Naming things in software is like trying to partition a 1,000-dimensional space. If I name a thing “Foo”, I categorize it in one partition. “Bar” will place it another partition. Maybe I haven’t even encountered any other data points in either of these partitions yet. Some engineer in the future will get assigned to build a “Bar”-ish looking feature, find my “Bar” in the codebase, and realize they should probably tack their thing onto my thing. On the other hand if I name it “Foo”, hopefully they’ll realize that my thing is not really meant for “Bar” purposes, even though it might look like it. The name itself doesn’t matter much, but it does matter that it helps myself and other engineers distinguish one thing from another.

Identity mismatches

I think a majority of technical debt is caused by identity mismatches. I define an identity mismatch as one thing that should be several different things, or different things that should be one.
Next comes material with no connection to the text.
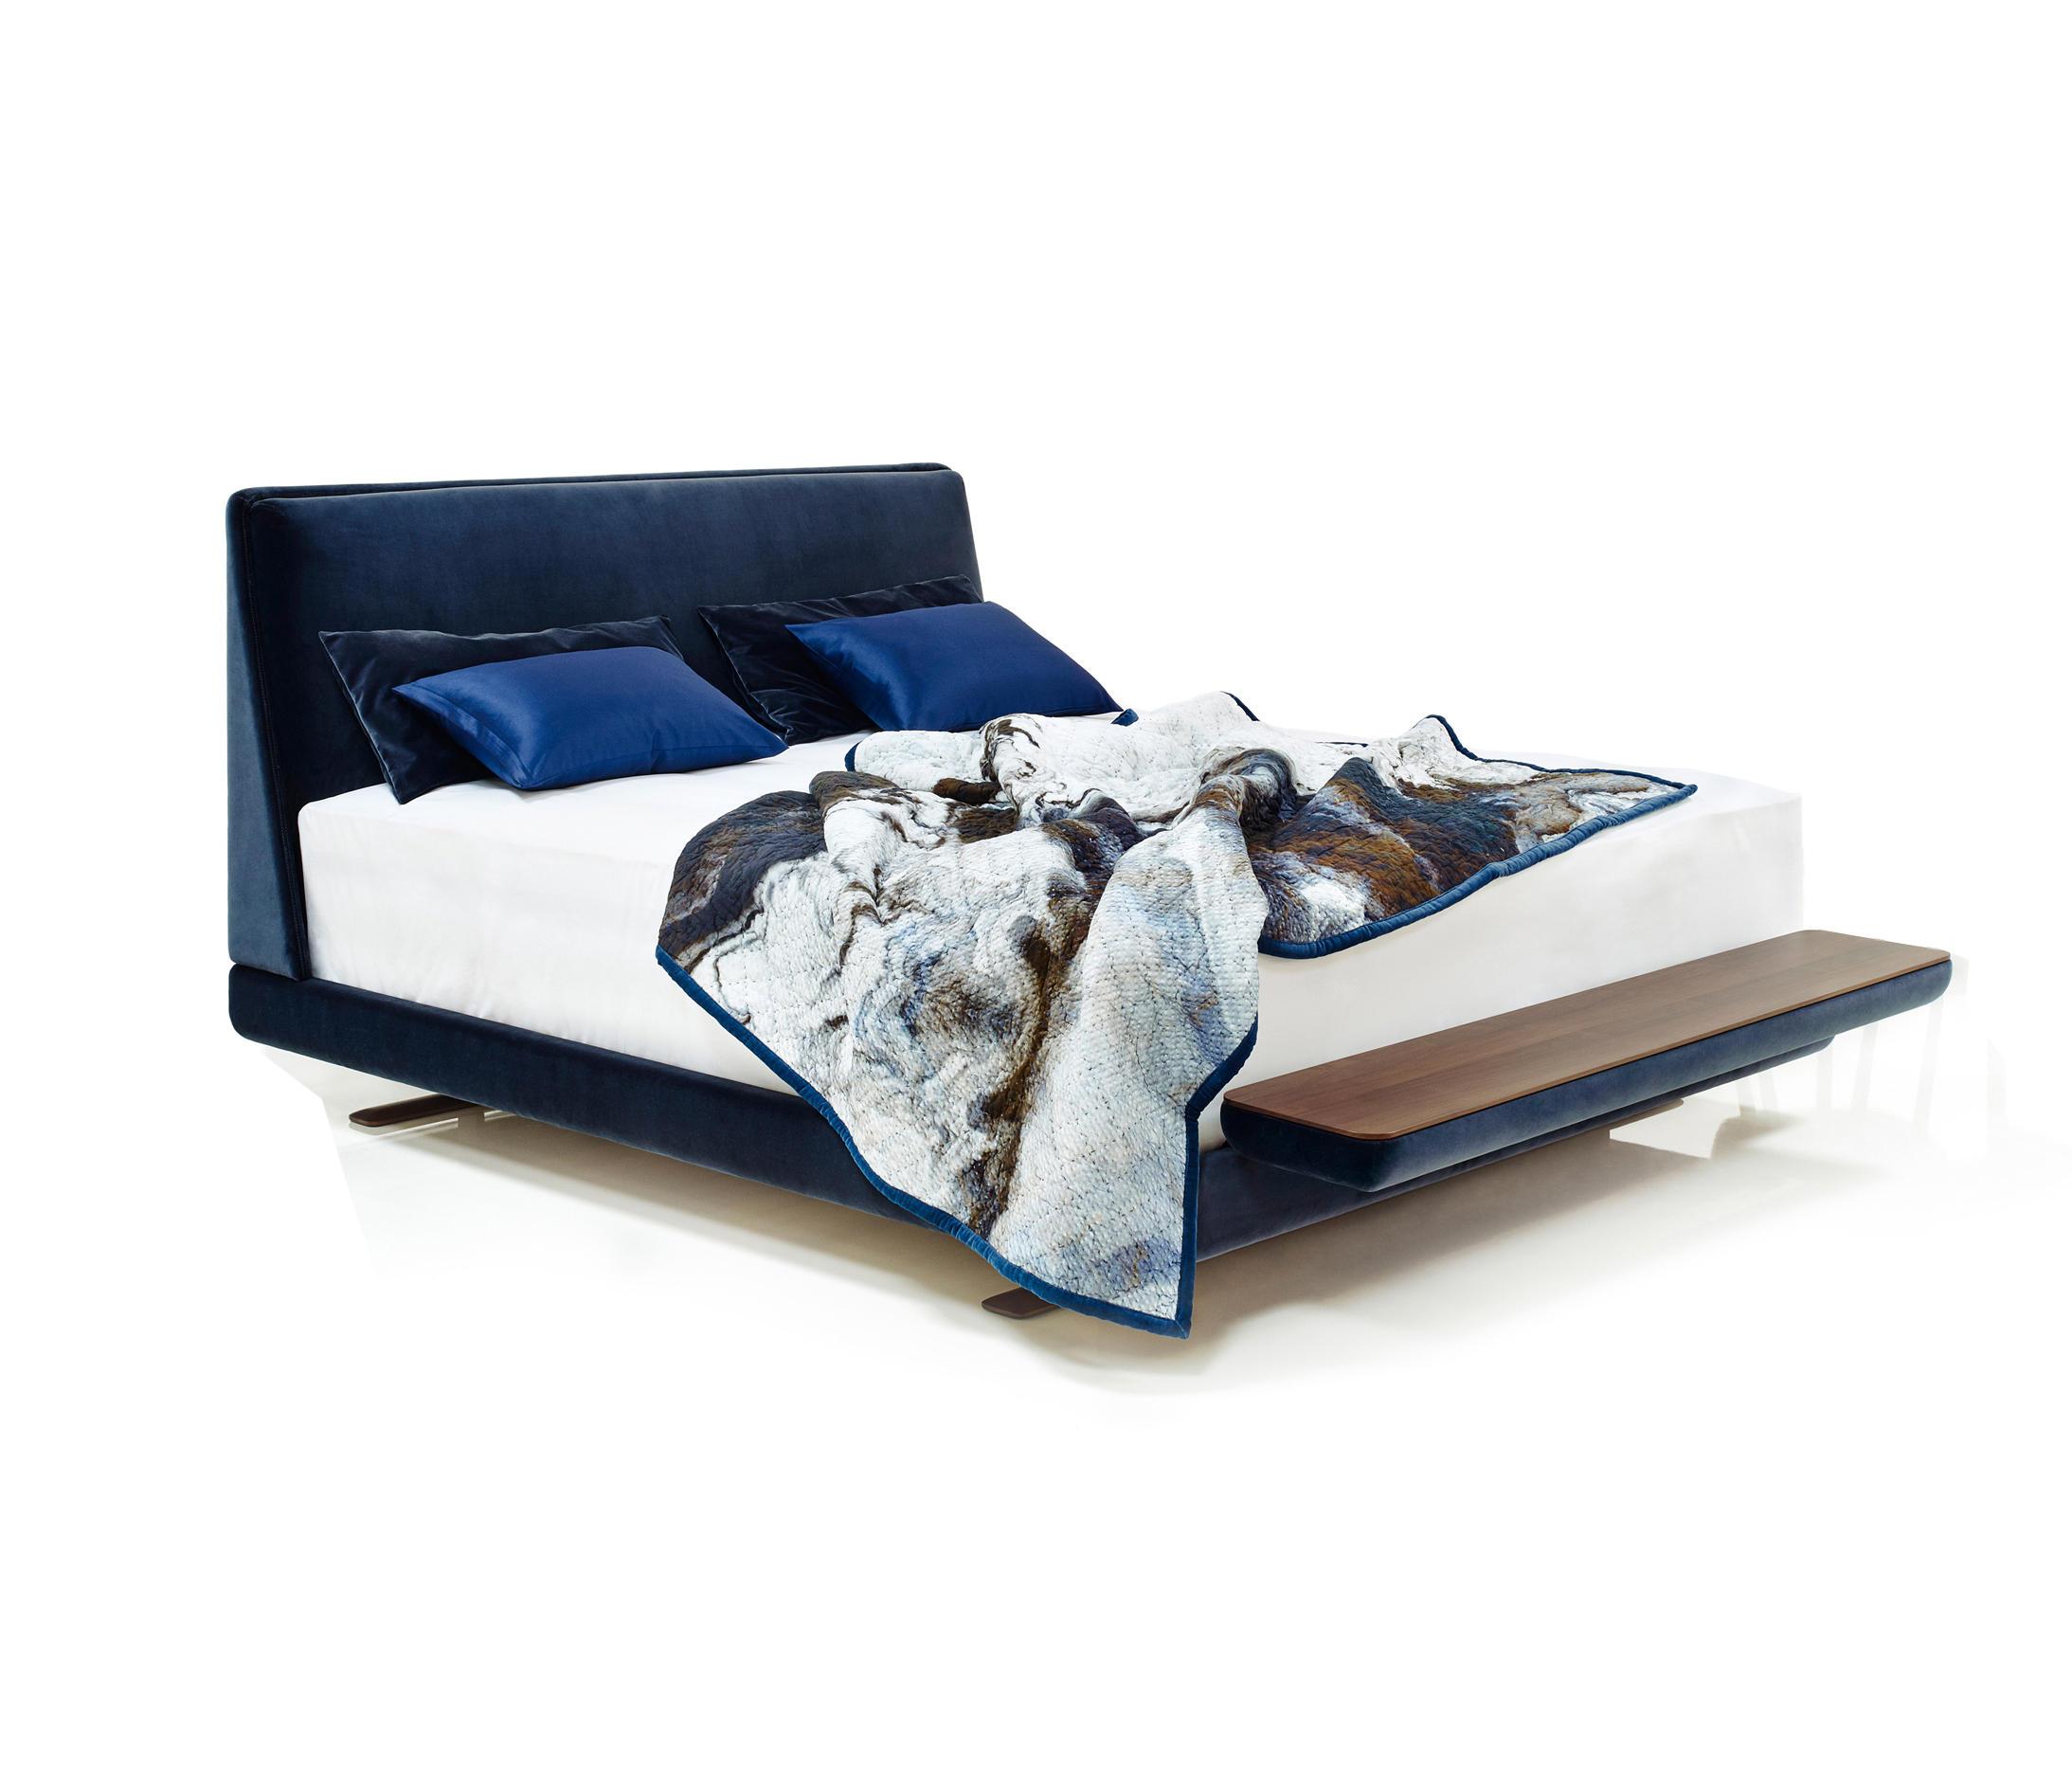 MAXIME - Betten von Wittmann | Architonic

For example, once upon a time StrongDM only worked with Postgres datasources. We kept the password for each Postgres datasource in an encrypted field called… password. When we added support for SSH, the password field was the perfect place to put the private key.

Years later, we support all manner of things that look nothing like a Postgres server, and the password field is now unrecognizable. We could try and pick a more suitable name for this field like EncryptedData, but it won’t fix the fact that the code insists it is one thing when it is really many different things.

Probably the clearest and most common warning sign of a growing one-to-many identity mismatch is when I have a function like this:

func DoThing() {
}

And I feel the urge to add a boolean flag like this:

func DoThing(doOtherThing bool) {
}

Honestly, this is not a big deal. But I take it as a sign that somewhere in the stack, one thing is actually turning out to be two different things.

The other case is even more common: many different things that should be one. This often looks like a snippet of code copy-pasted and slightly edited fifty times. I usually have the urge to DRY up those fifty snippets into a single function. But is that really wise?

Once again, names can help me determine the best solution to this identity problem. If I can replace those fifty snippets with one function that has a clear, specific name like CheckPermissions (and the same is true for its parameters), that probably means it really is one single thing that deserves its own place. But if the best I can come up with is something vague like Initialize, or a composite name like PrepareFoosAndAddBars, maybe it’s two or more things, or the mismatch lies somewhere deeper.

Partitions in 1,000-dimensional space

There are many different ways to partition a 1,000-dimensional space. Each is a valid solution to the identity problem, and each has its own pros and cons. For example, if I’m using microservices to build a social media site, I could partition my system like this:

Microservices partitioned by type of thing

The advantage of this partitioning is that it’s easy to understand; each type of thing has its own service to keep track of it. The downside is, each service is kind of useless on its own. They’re deeply intertwined.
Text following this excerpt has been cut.